Question

: A soap bubble of radius ${r_1}$ is placed on another soap bubble of radius ${r_2}$.$\left( {{r_1} < {r_2}} \right)$. The radius $R$ of the soapy film separating the two bubbles is:
A. ${r_1} + {r_2}$
B. $\sqrt {{r_1}^2 + {r_2}^2} $
C. ${r_1}^2 + {r_2}^2$
D. $\dfrac{{{r_2}{r_1}}}{{{r_2} - {r_1}}}$

Answer 1

Hint: To find the radius $R$ of the soapy film, we will use the expression of the pressure exerted by the soap bubble. We will write the expression for the pressure exerted by the soap bubble of ${r_1}$ and ${r_2}$. Then we write the expression for the pressure exerted by the soap bubble of radius $R$. Now, we will equate the difference of the pressure exerted by the radius ${r_1}$ and ${r_2}$with the pressure exerted by the soap bubble of radius $R$.

Formula Used:
The pressure exerted by the soap bubble can be expressed as:
$\Rightarrow P = \dfrac{{4T}}{r}$
Where $P$is the pressure, $T$is the surface tension and $r$is the radius of the bubble.

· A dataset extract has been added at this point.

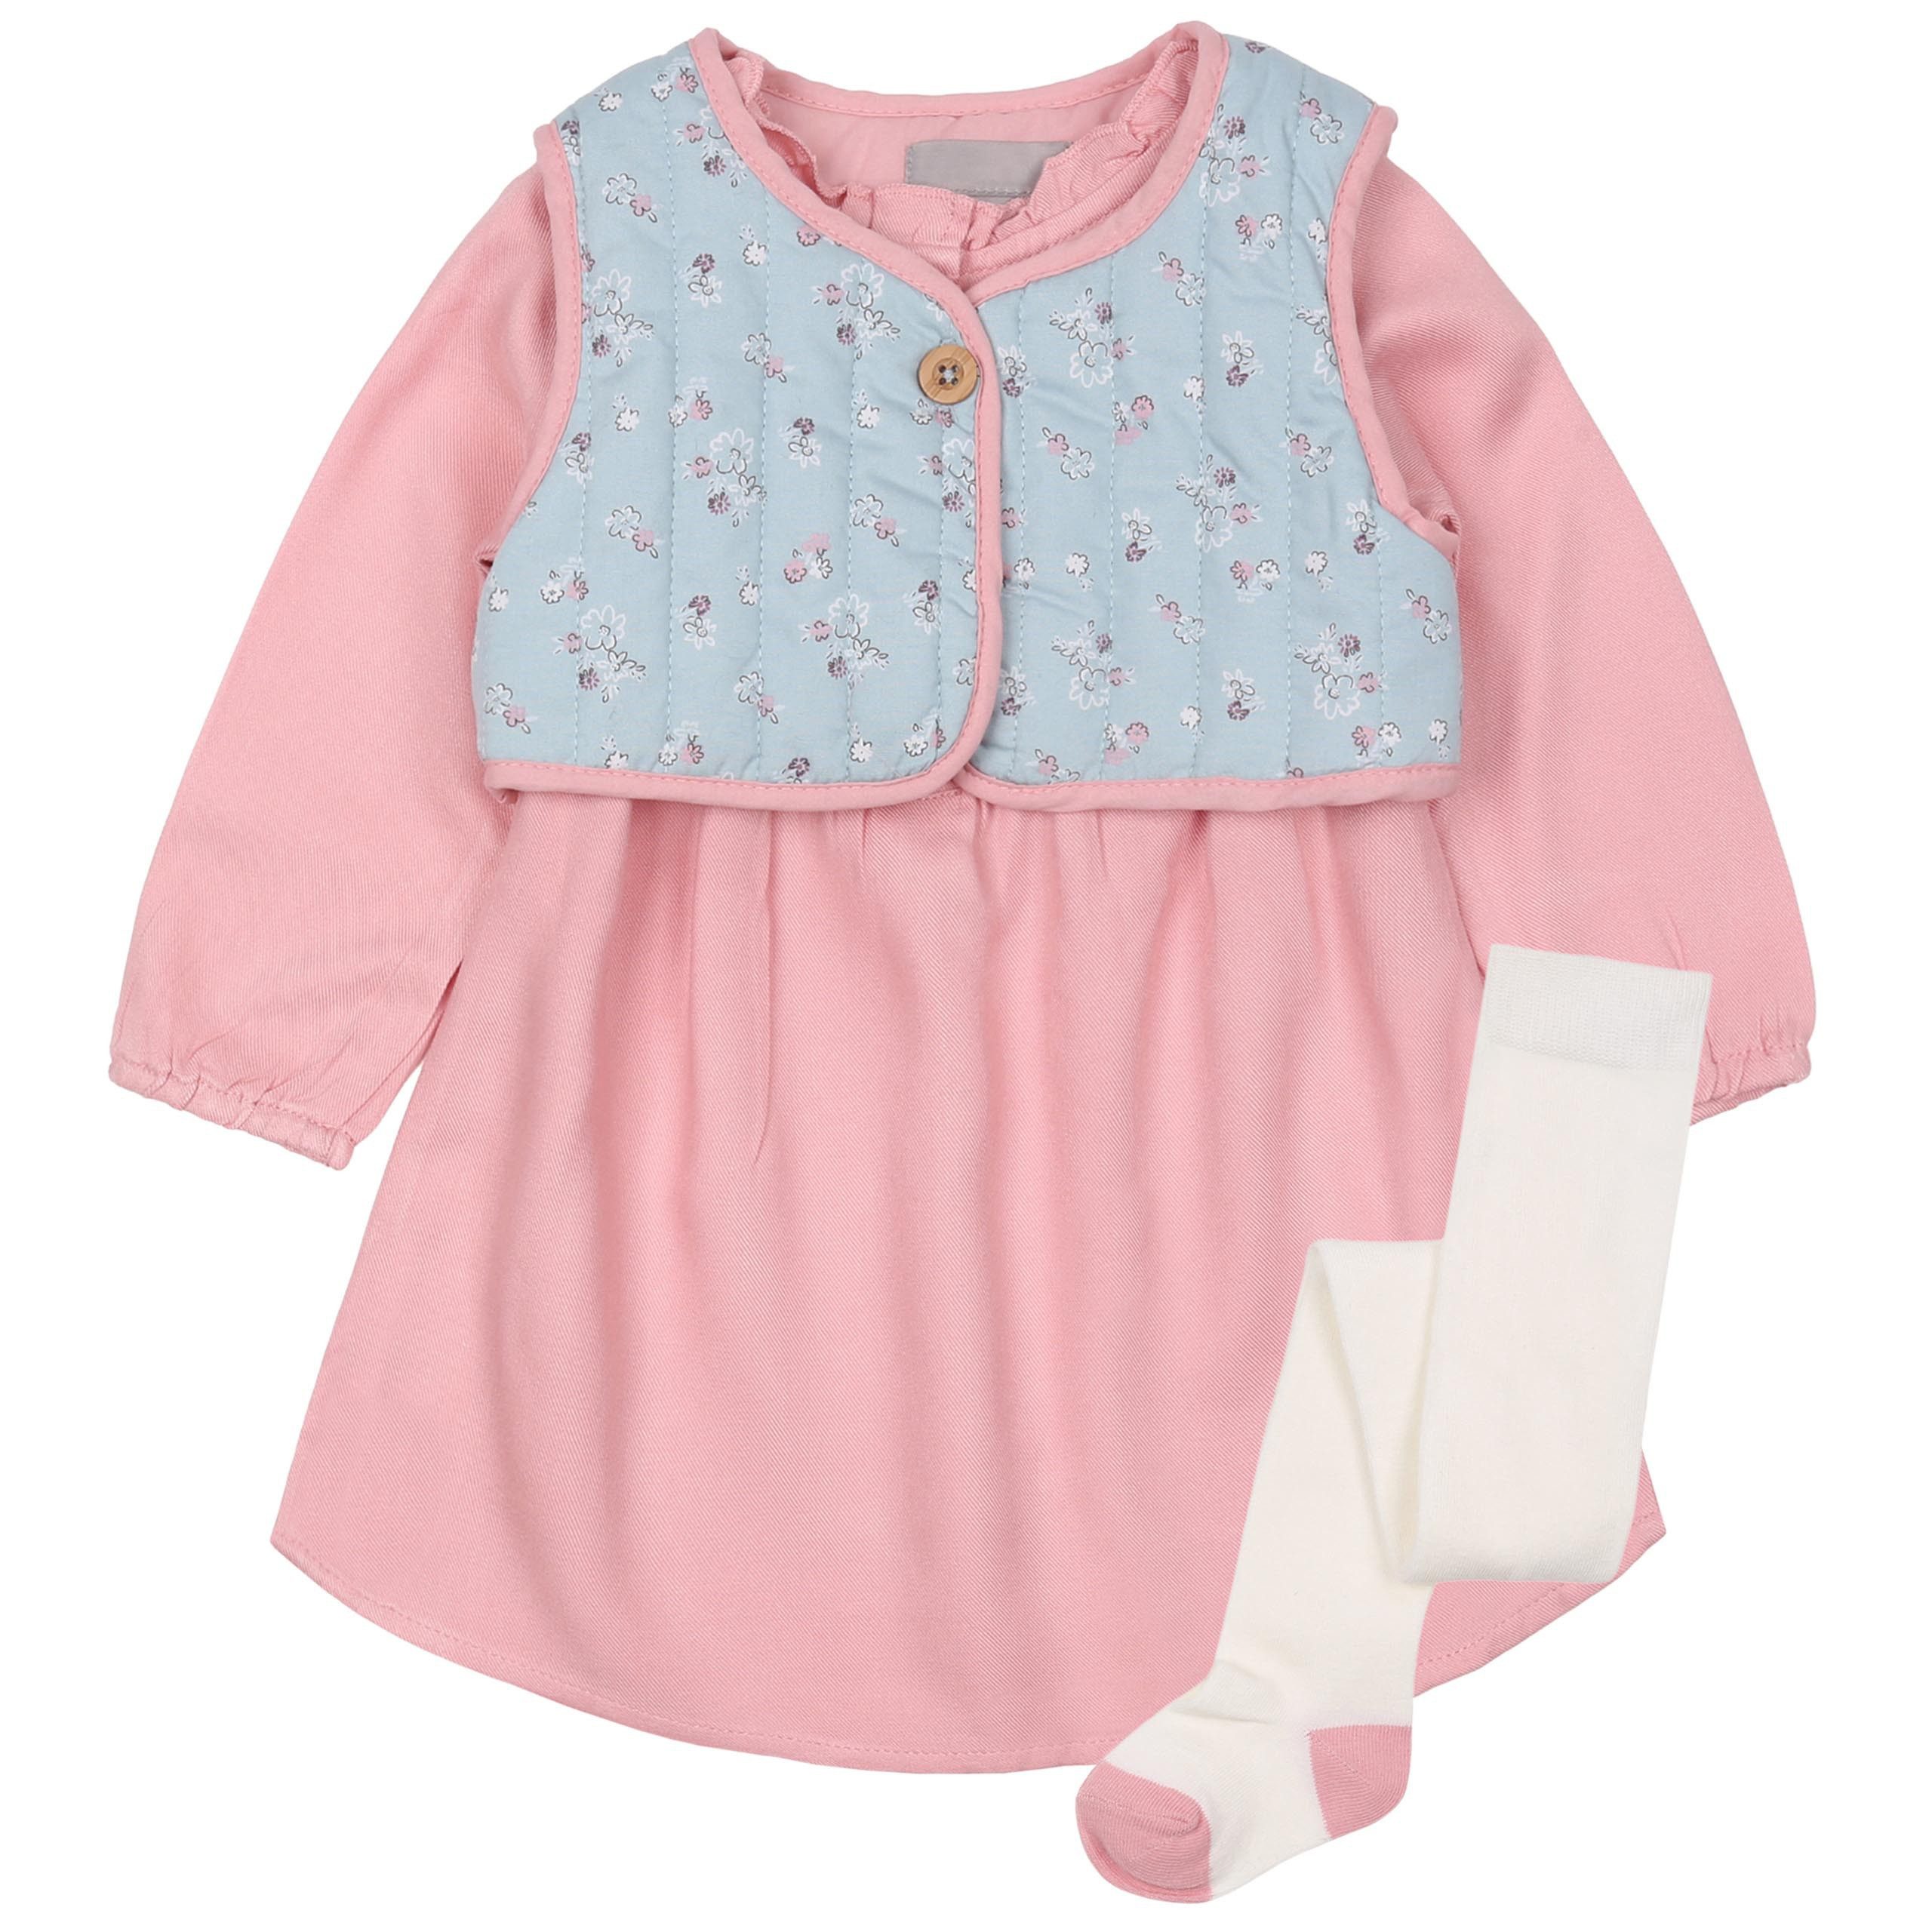 Sarcia.eu Frühchenpaket Mädchen Baby-Set bestehend aus Kleid, Weste, Strumpfhose 18-24 Monate
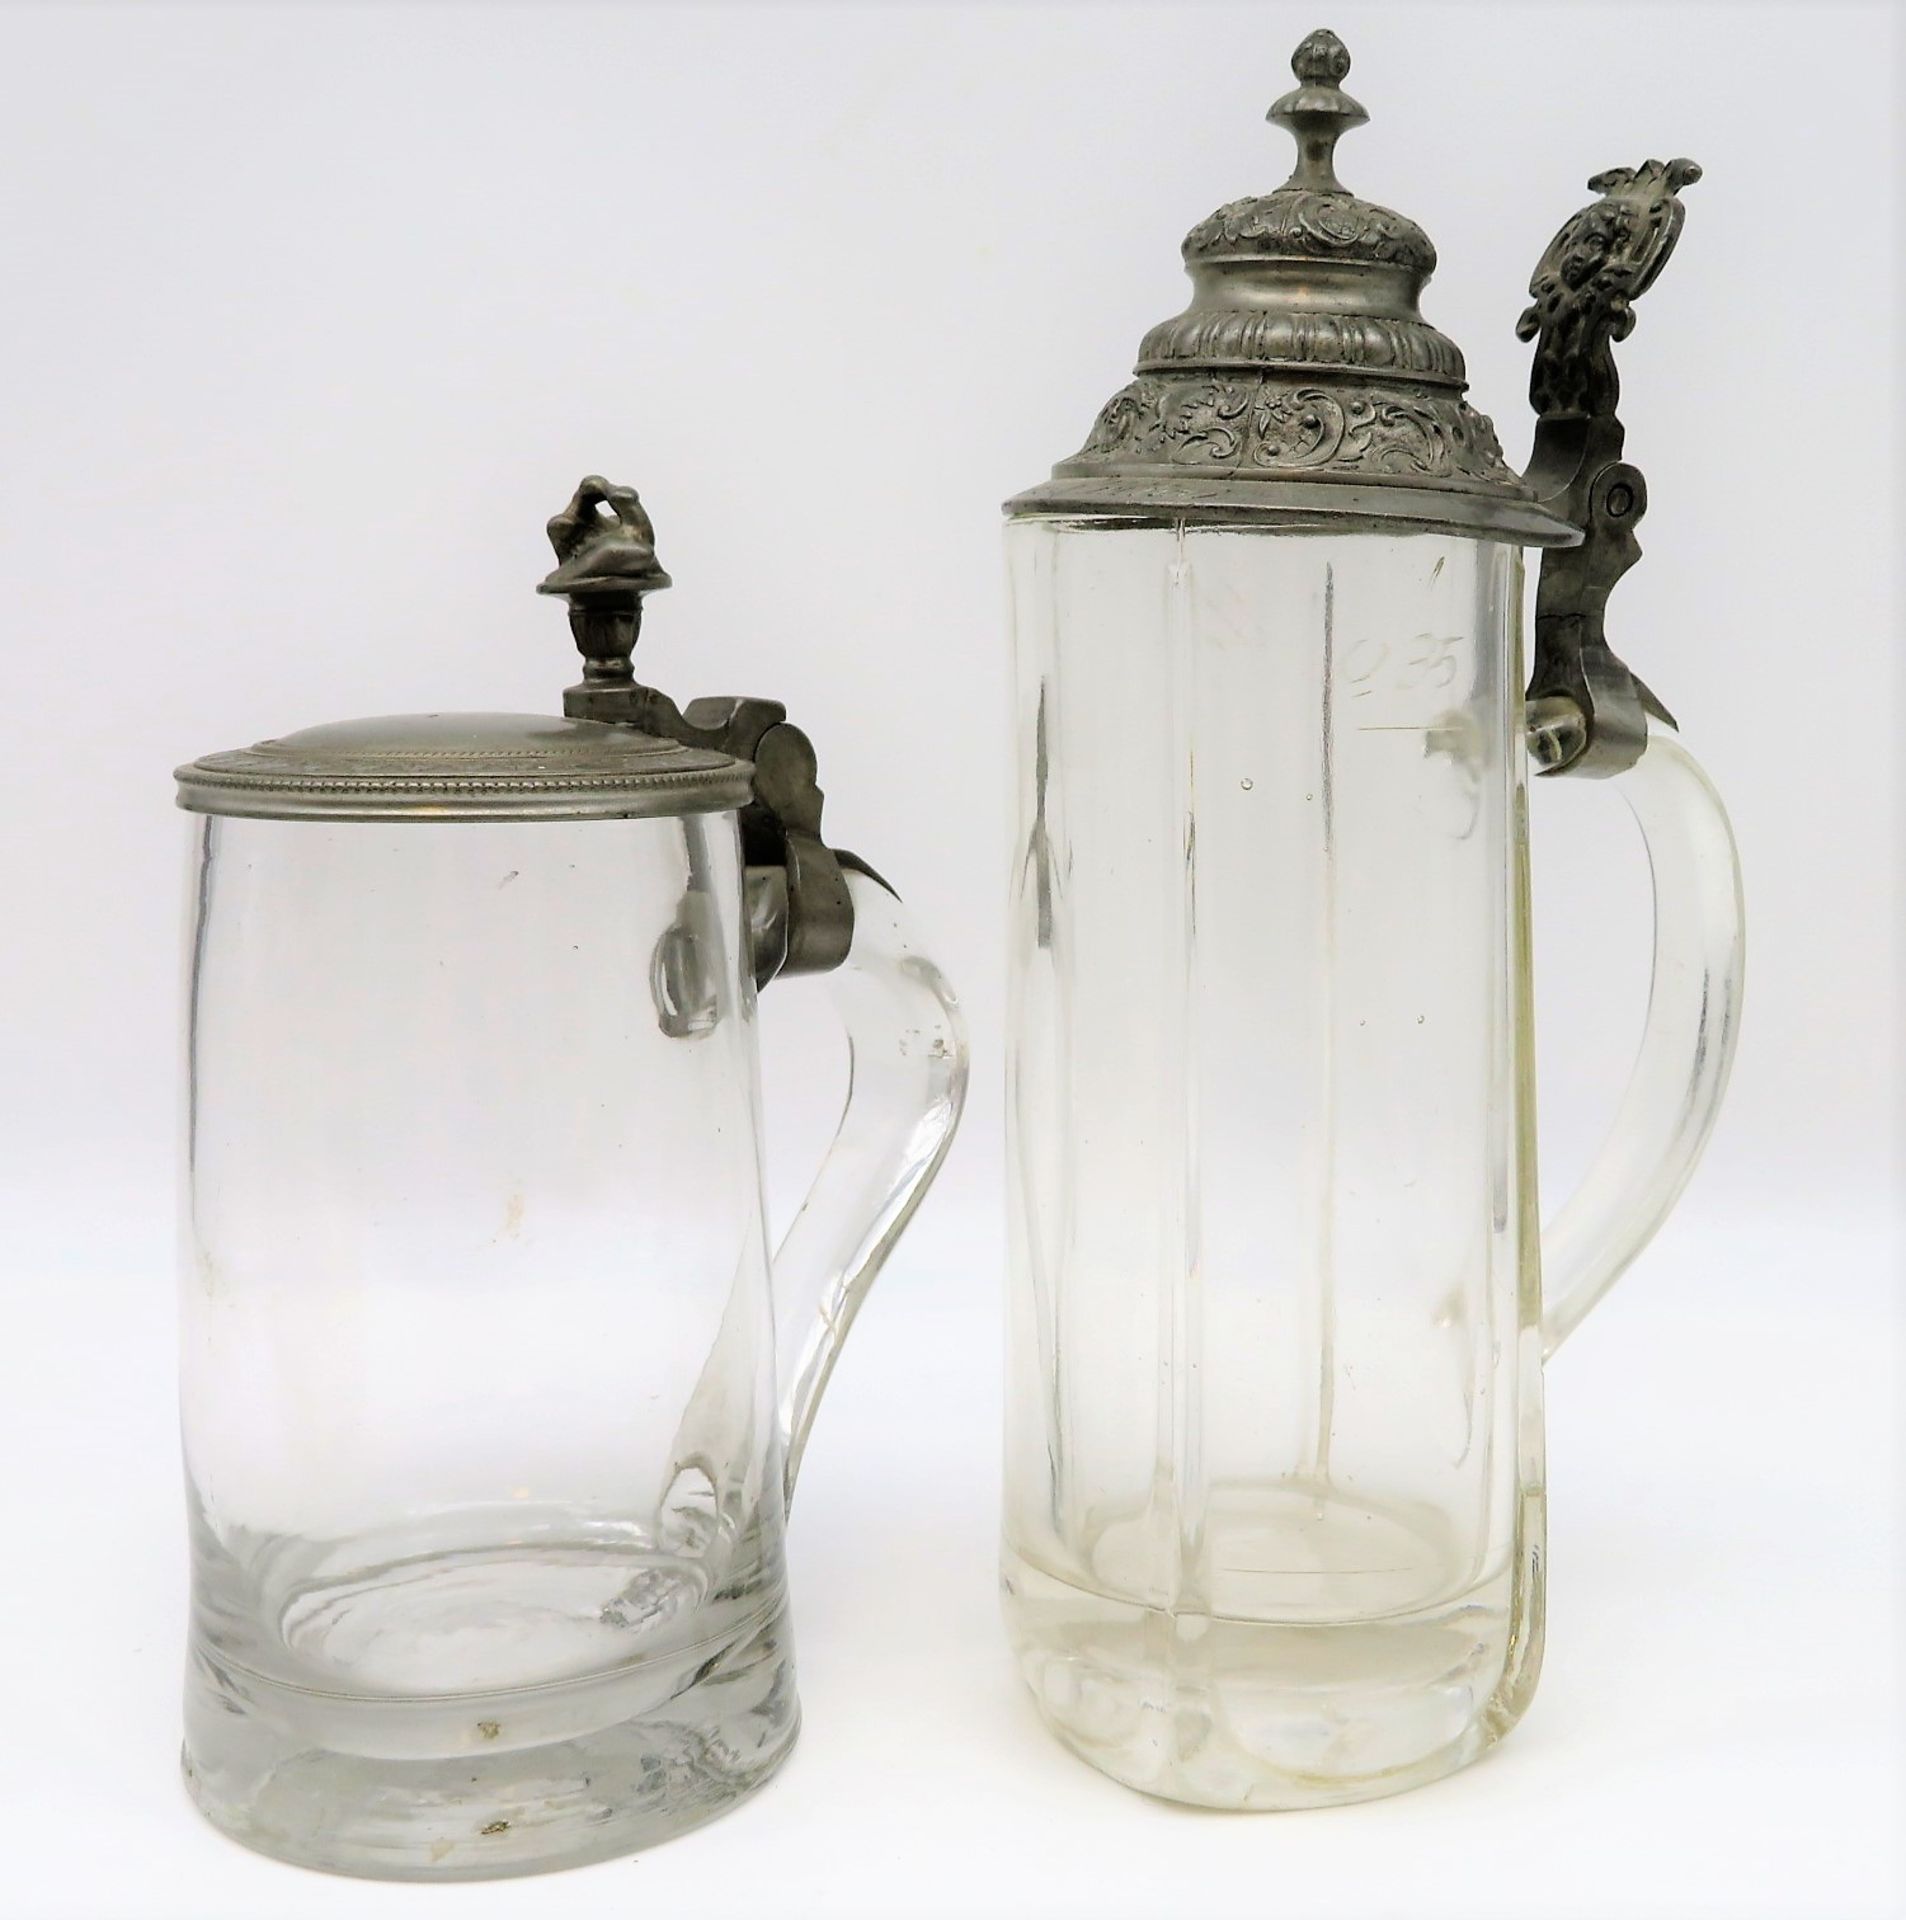 2 Bierkrüge, 19. Jahrhundert, farbloses Glas, Zinndeckel, h 18/23 cm.

Complete step by step answer:
Given:
The radius of the soap bubble is ${r_1}$.
The radius of another soap bubble is ${r_2}$.
The radius ${r_1}$is less than radius ${r_2}$.
We will assume ${P_1}$ and ${P_2}$ as the pressure exerted by the bubble of radius ${r_1}$ and ${r_2}$ respectively.
We will express the relation for the pressure exerted by the bubble of radius ${r_1}$.
$\Rightarrow {P_1} = \dfrac{{4T}}{{{r_1}}}$……(i)
Where $T$is the surface tension in the soap bubble.
We will express the relation for the pressure exerted by the bubble of radius ${r_2}$.
$\Rightarrow {P_2} = \dfrac{{4T}}{{{r_2}}}$……(ii)
It is given in the question that the radius ${r_1}$ is less than radius ${r_2}$. Therefore $\Rightarrow {P_2}$ is less than ${P_1}$.
The radius of the bubble separating the two bubbles will be $R$.
We will write the expression for the pressure in the new bubble.
$\Rightarrow {P_R} = \dfrac{{4T}}{R}$……(iii)
We also know that this pressure will be equivalent to the difference of the pressure exerted by the bubbles of radius ${r_1}$ and ${r_2}$. This can be expressed as:
$\Rightarrow {P_R} = {P_1} - {P_2}$
We will substitute the values of ${P_1}$,${P_2}$ and ${P_R}$ from the equation (i), (ii) and (iii) respectively in the above expression.
$
\Rightarrow \dfrac{{4T}}{R} = \dfrac{{4T}}{{{r_1}}} - \dfrac{{4T}}{{{r_2}}}\\
\Rightarrow \dfrac{1}{R} = \dfrac{1}{{{r_1}}} - \dfrac{1}{{{r_2}}}\\
\Rightarrow \dfrac{1}{R} = \dfrac{{{r_2} - {r_1}}}{{{r_1}{r_2}}}
$
On reciprocating the above expression, we will get
$\Rightarrow R = \dfrac{{{r_2}{r_1}}}{{{r_2} - {r_1}}}$
Hence, the radius $R$ of the soap bubble is $\dfrac{{{r_2}{r_1}}}{{{r_2} - {r_1}}}$.
Therefore, option D is the correct answer.

Note: The value of surface tension for an interface say liquid air interface is always a constant. In this question, we are assuming $T$ as the value of surface tension. This is applicable to all the three bubbles of different radius as the surface tension will have the same value $T$ for a particular interface.